Opening a second window via window.open() prevents calls from Java into Browser window's javascript

VERIFIED WORKSFORME

Status

Core Graveyard
Java: OJI
P1
blocker
VERIFIED WORKSFORME
17 years ago
7 years ago

People

(Reporter: gary.kind, Assigned: Joe Chou)

Tracking

Trunk
x86
Windows NT

Firefox Tracking Flags

(Not tracked)

Details

Attachments

(1 attachment)

(Reporter)

Description

17 years ago
From Bugzilla Helper:
User-Agent: Mozilla/5.0 (Windows; U; WinNT4.0; en-US; m18) Gecko/20001211
BuildID:    2000121104

I have a simple html file that fires off an Applet and creates a button. When
clicked, a second window is brought up by calling window.open().  The second
window has a button that sends its click event to the main window's javascript
and on to Java.  Java then attempts to call back into the main window's
javascript but a security exception results and is displayed in the java console.

Reproducible: Always
Steps to Reproduce:
1) Unzip the attached modalWin_test.zip file to construct the test case.
2) Go into the resulting modalWin_test directory and read the
   readme.txt file.
   a) run modalWin.html in the browser
   b) press the 'Show Modal window' button
   c) Up comes modal window, press the 'B1: Click Me' button
   d) Exception appears in the java console.

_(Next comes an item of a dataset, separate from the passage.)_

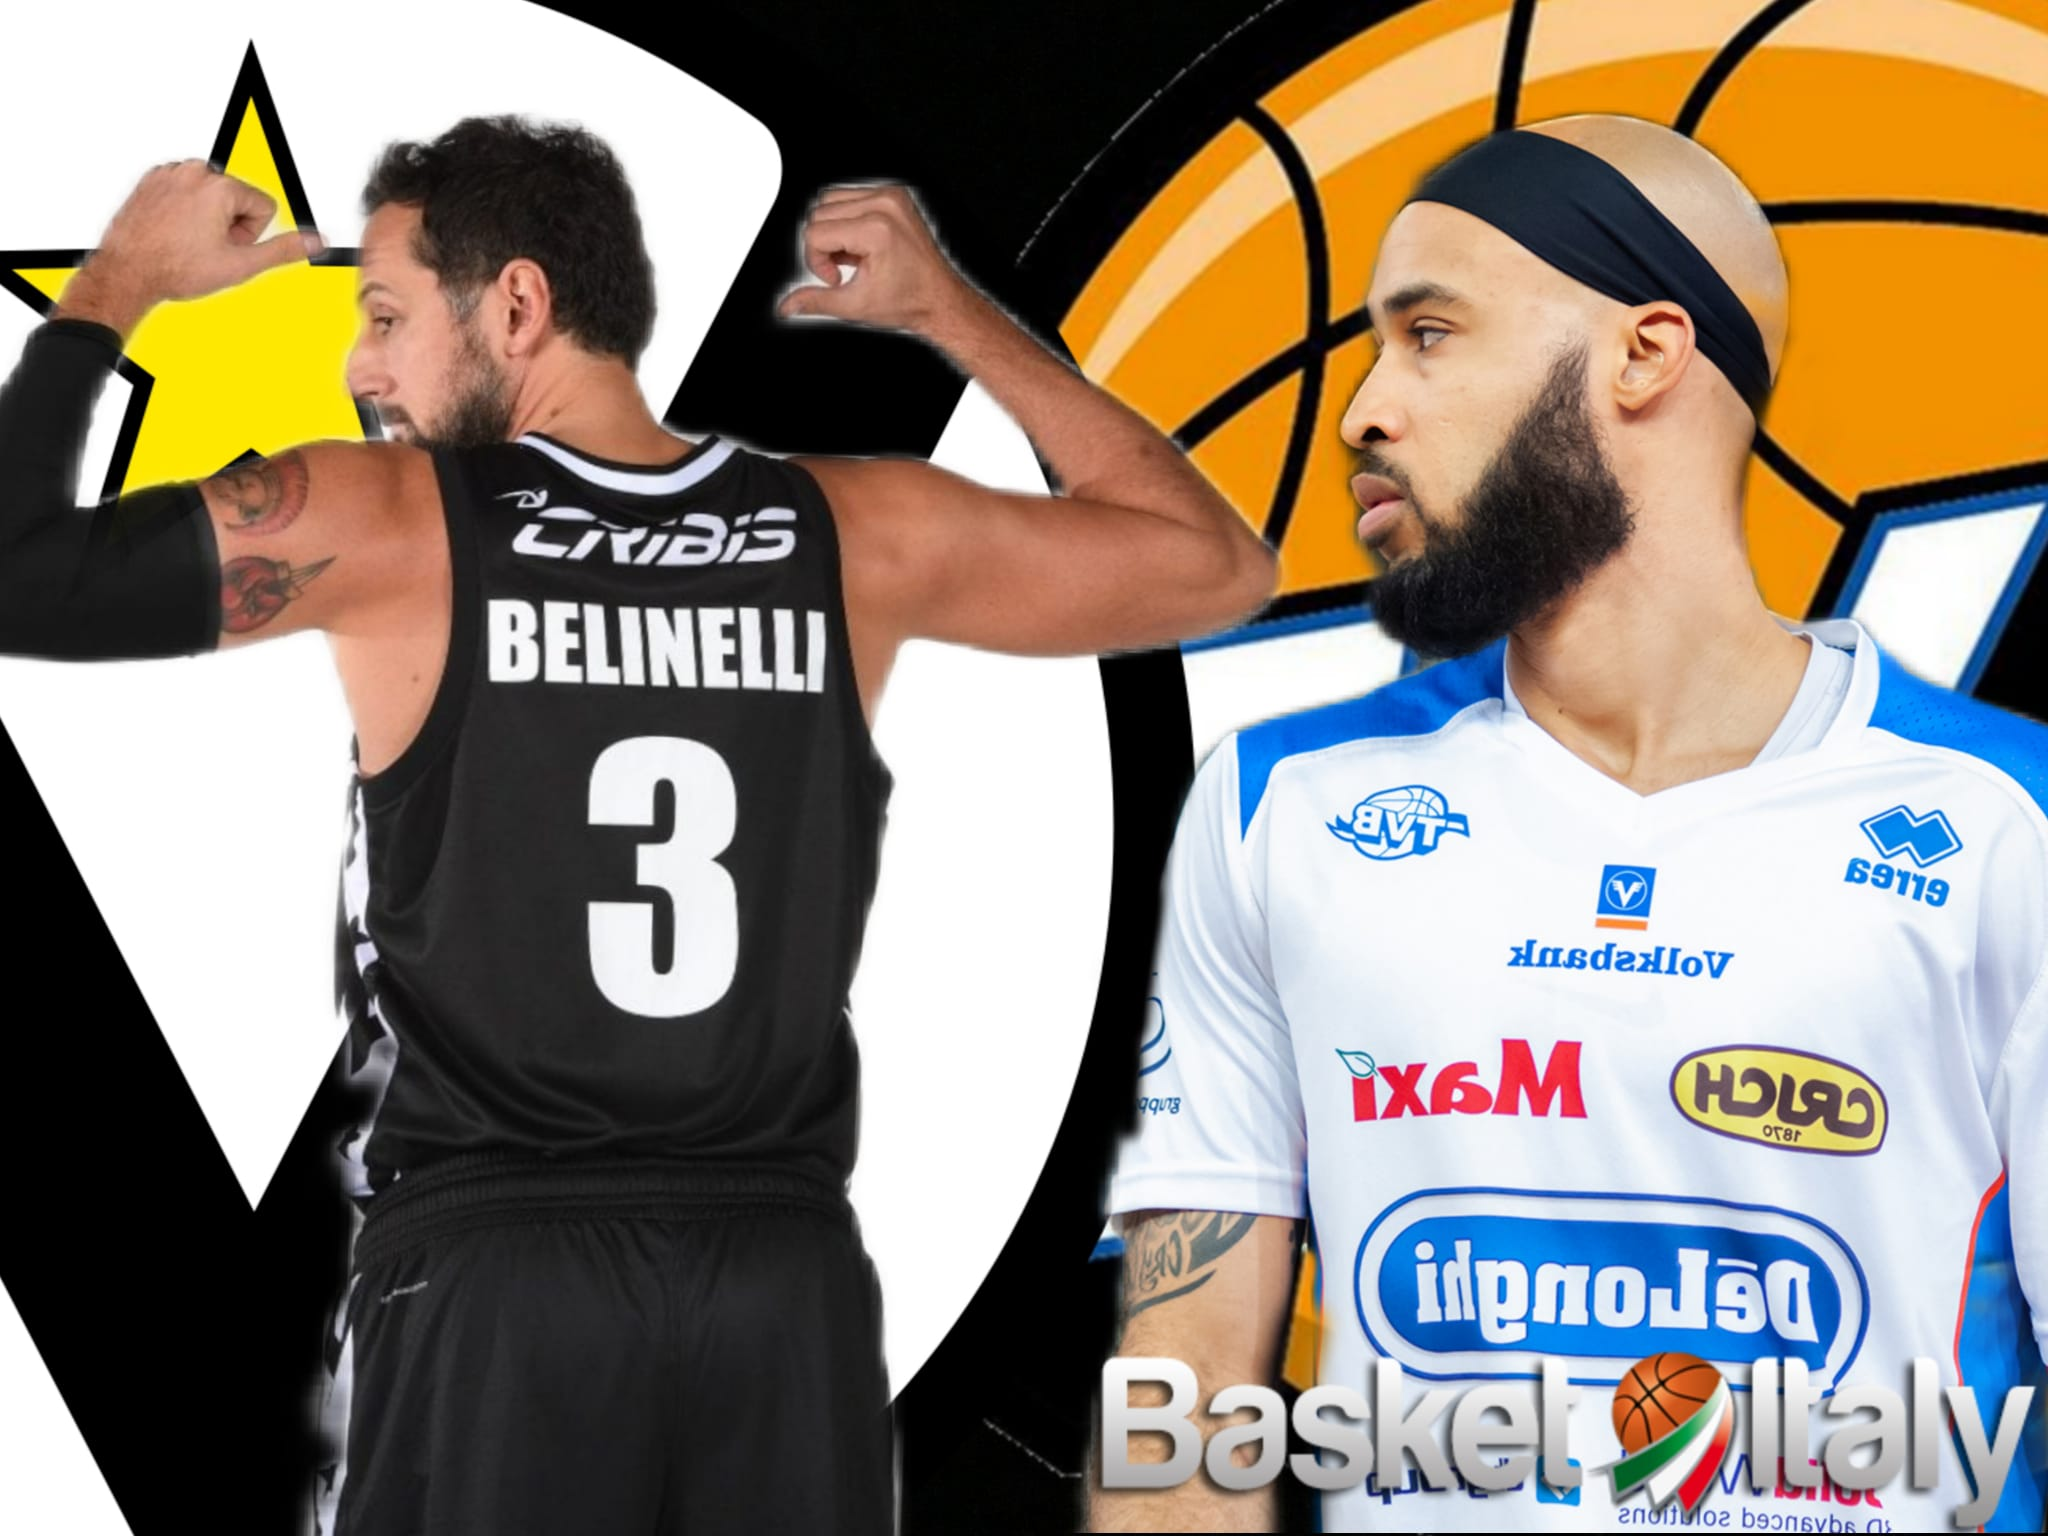 #Playoff2021; Virtus Bologna-De'Longhi Treviso: Vnere condannate a vincere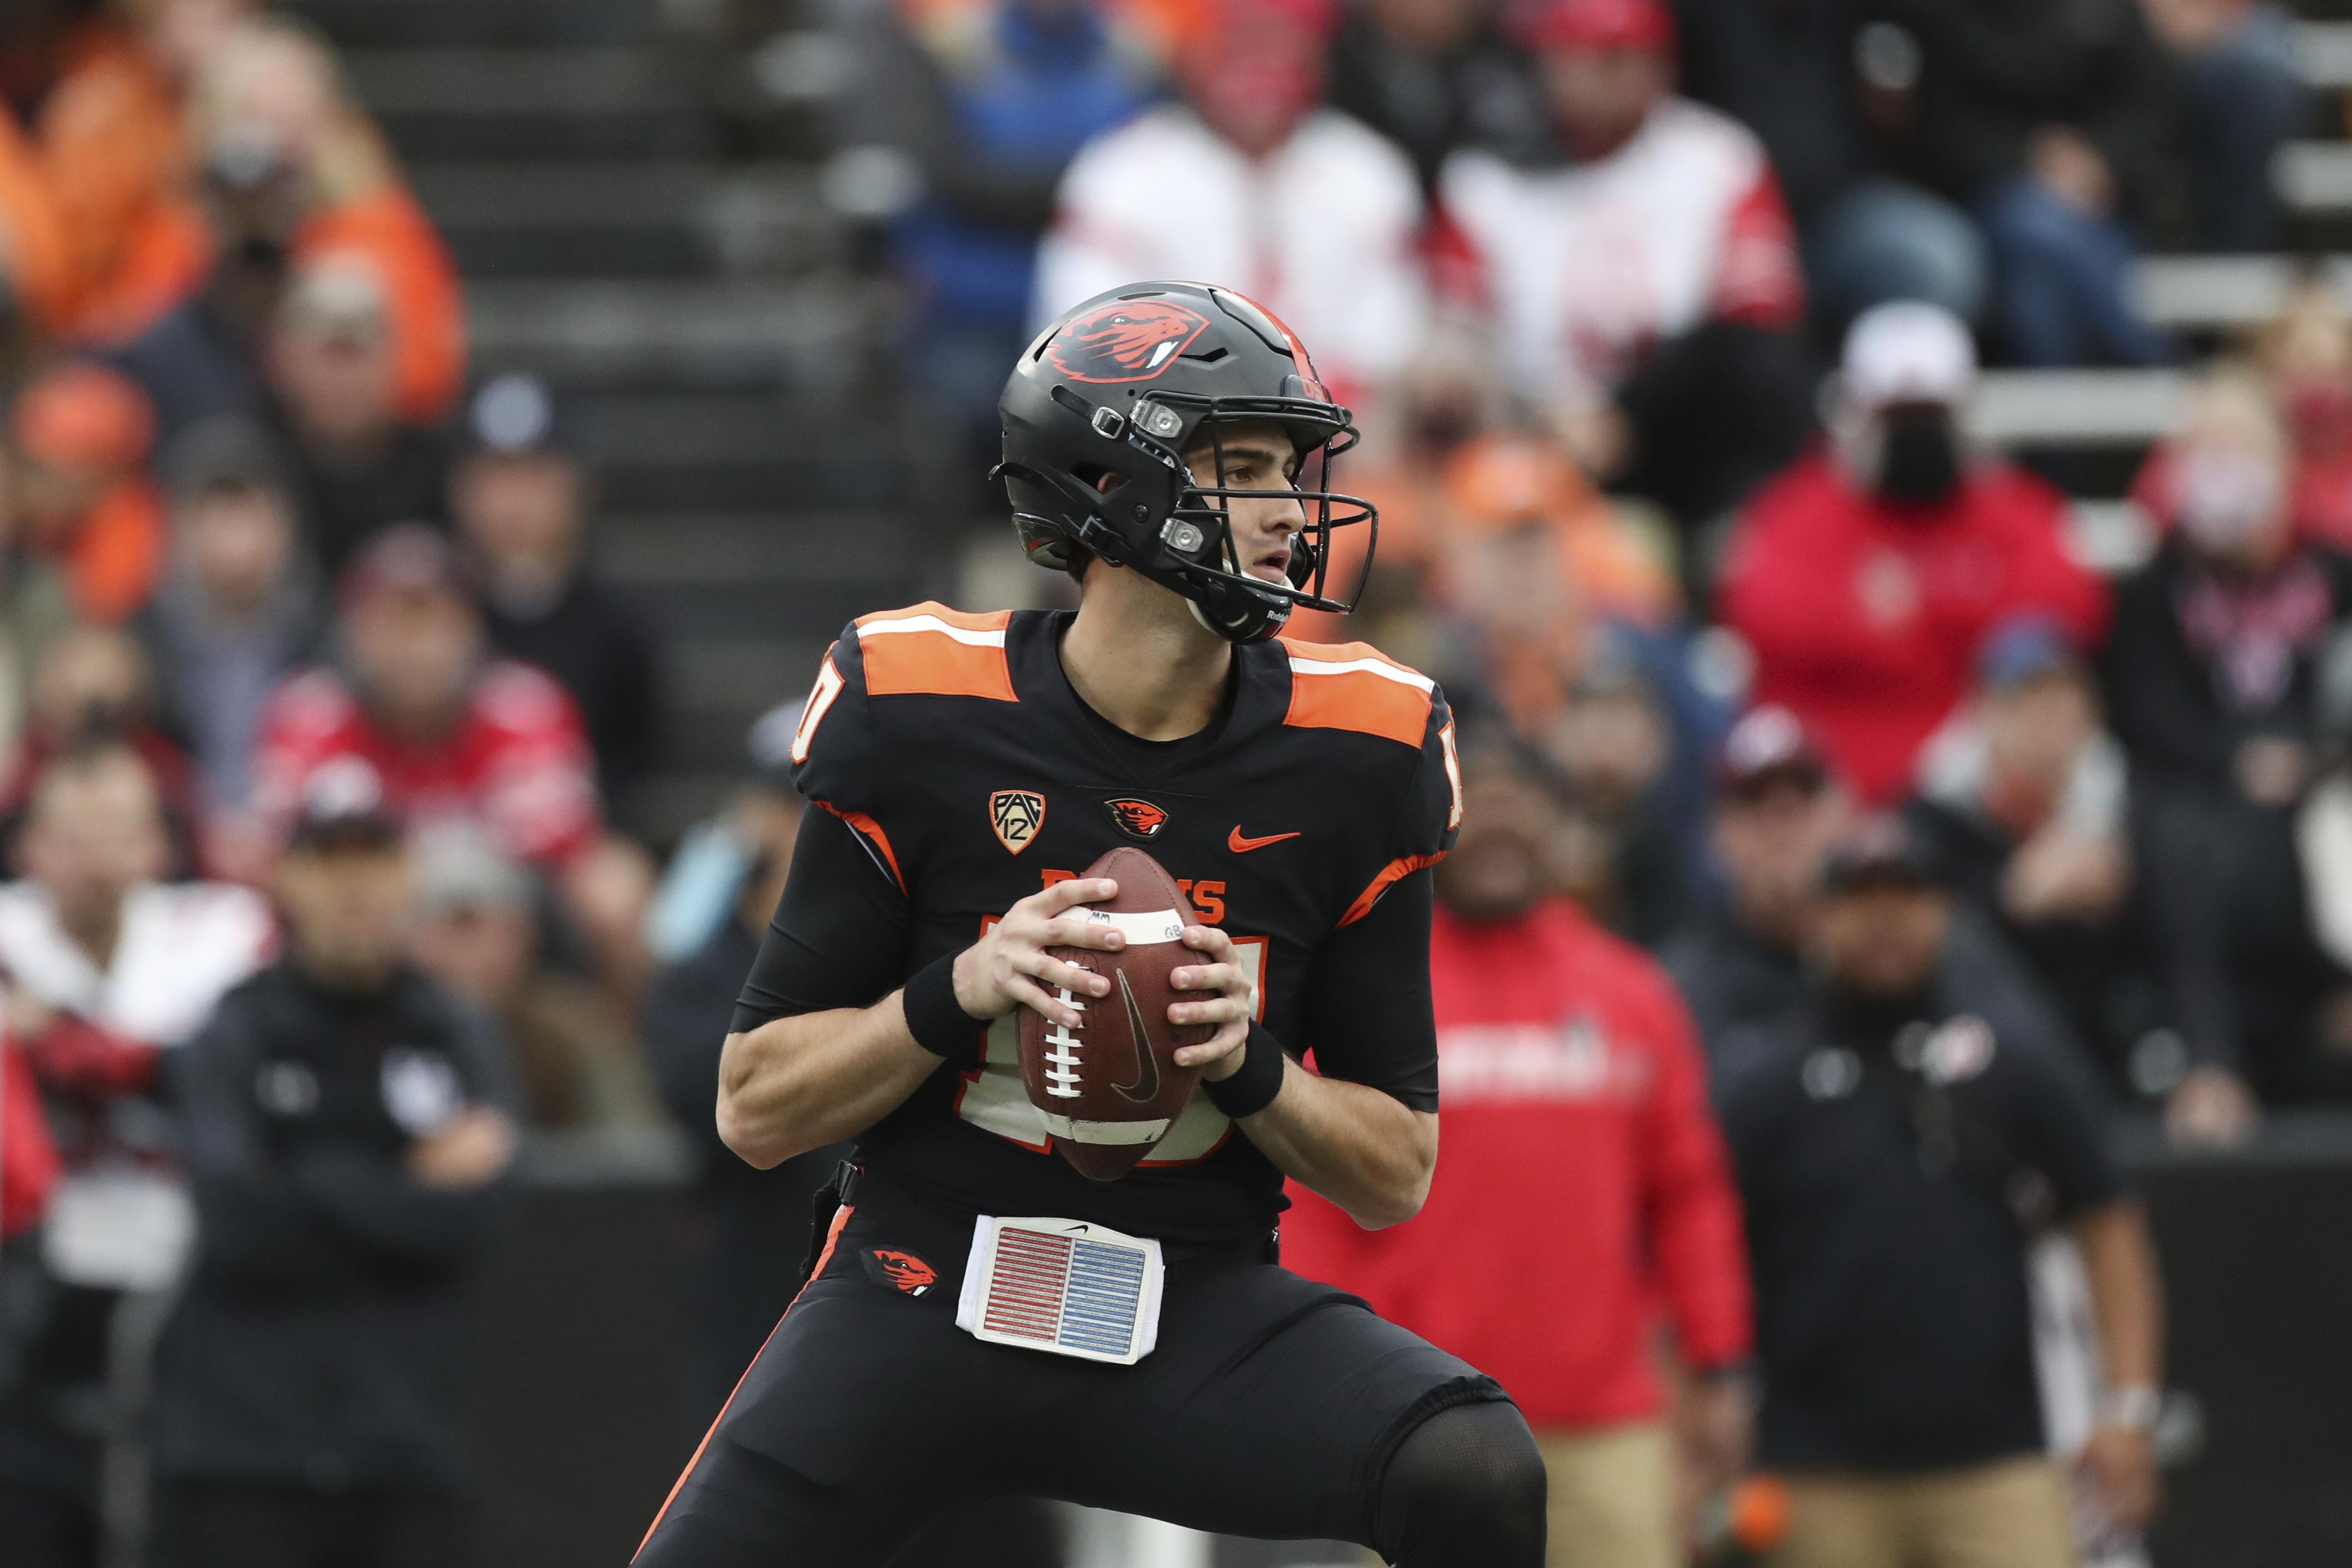 Oregon State quarterback Chance Nolan looks for a receiver

Actual Results:  A security exception appeared in the java console.  The
contents are in a file called java_console.txt that comes with the reproducible
case.

Expected Results:  Javascript function 'showAlert' (in file modalWin.html)
should have been called successfully and a javascript alert with the appropriate
message should have appeared.

The same exception occurs whether or not the second window is modal.  As long as
the window is alive, the exception occurs.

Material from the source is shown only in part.